THE LEGACY OF CHARLIE GEORGE, ARSENAL’S RAMBUNCTIOUS HOMETOWN HERO
17/04/2019 - by WILL SHARP
When we pack onto the terraces of the grounds we call home and stand shoulder-to-shoulder, singing our hearts out in hope of inspiring to victory the 11 lucky souls clad in the same colours as ours, what we’re really saying is: ‘I’d give anything to be out there; playing.’ That is why, as magical as it is to witness an exotic, bronze-skinned, Michelangelo-sculpted, fortune-fetching import take to the pitch to play for your little old club, there remains nothing quite like the pride of seeing a local lad playing for the team you both adore.
As of the late-60s and into the mid-70s, there was one long-haired cockney in particular who routinely gifted the fans of Arsenal that uniquely prideful stomach flutter, felt only while watching one of their own take to the pitch intent on living out the dream that, not unlike the subject of their unerring devotion, unites each and every one of them. That boy was Charlie George.
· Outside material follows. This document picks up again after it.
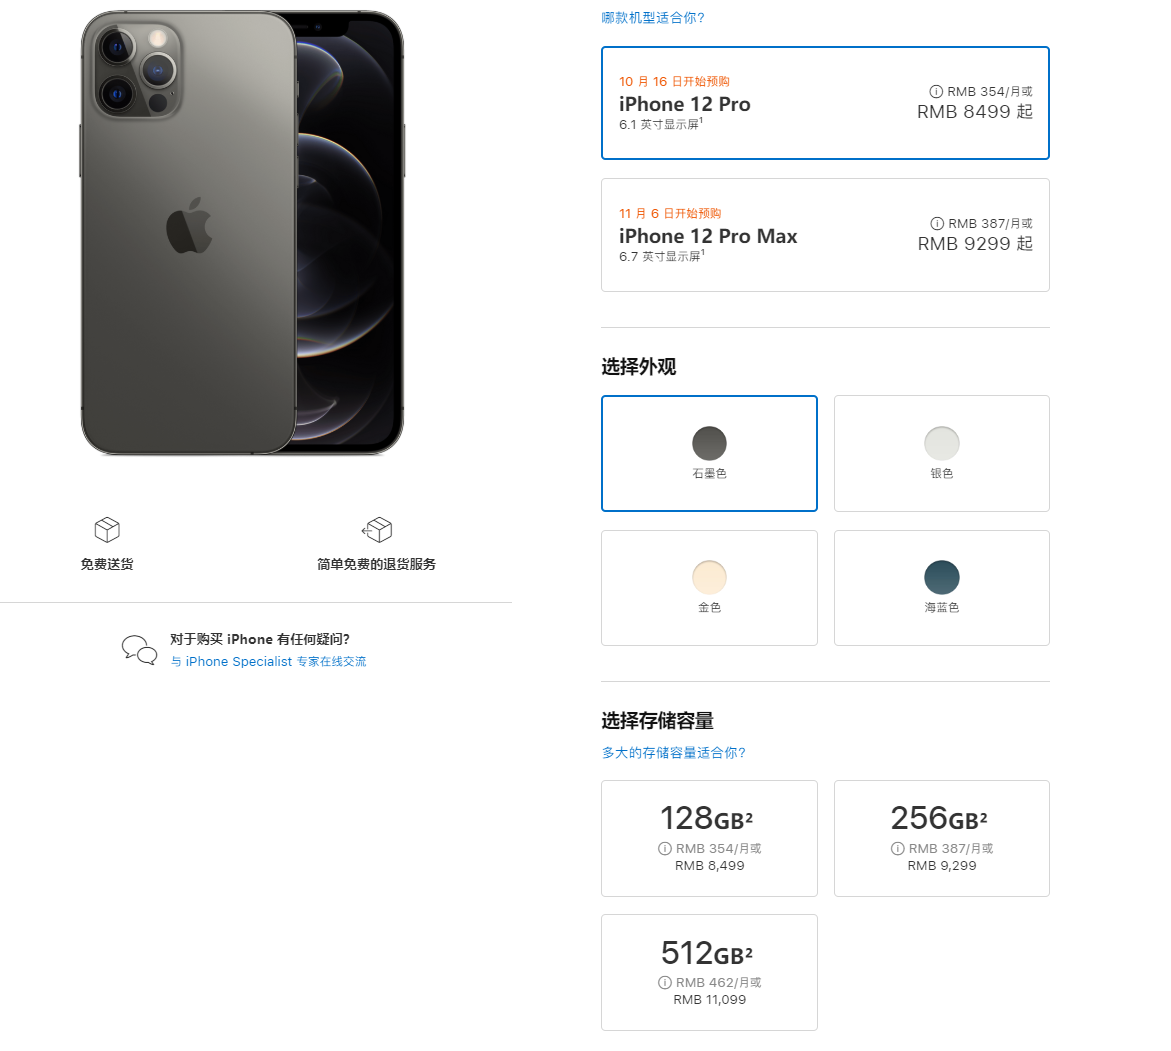 5499元起 iPhone 12正式发布 全系支持5G

Charlie Frederick George could scarcely have been more Arsenal if he’d been born on the Highbury Clock End itself and cradled in a red and white scarf as his infant cries filled the London air for the very first time. Instead, it was to a stoutly Arsenal-supporting family, at their home on a council estate in Holloway, Islington, a ten-minute walk from the stadium, that baby Charlie was born on 10 October 1950. It would be another five years before the famous old ground would come to know his keen voice.
It was Charlie’s soon-to-be brother-in-law, Joe, who first took him to Arsenal, unwittingly sowing the seed that would later bloom into a life’s obsession; and profession. Charlie would stand beside him, holding on to Joe’s shirt or trouser leg for balance, while atop a milk crate for added height, only to be literally swept away by the jubilation any time the home side scored. Not entirely unique to Charlie, children momentarily lost in the celebratory maelstrom would routinely be carried to the front of the stand, passed down overhead, from where they could scout out their significant adult before coalescing back in through the bodies to find them.
Charlie’s young life very quickly came to be defined by his love for football. An inherent objector to the rules and rigours of school, even as a tyke, Charlie would long for the freedom afforded by his two most treasured places; out on the road on which he grew up, using discarded coats for goalposts, jostling with friends for possession and dodging motorcars; or at the Arsenal, jostling with friends for space and dodging stray shots.
Eventually he stopped requiring his brother-in-law’s company in attendance. “As I got older I started walking round to the West Stand and, when I got to 11, I started standing on the North Bank with about 15 or 20 of my friends,” Charlie recalled to the BBC. He began making the short pilgrimage, and the burgeoning tradition, his own.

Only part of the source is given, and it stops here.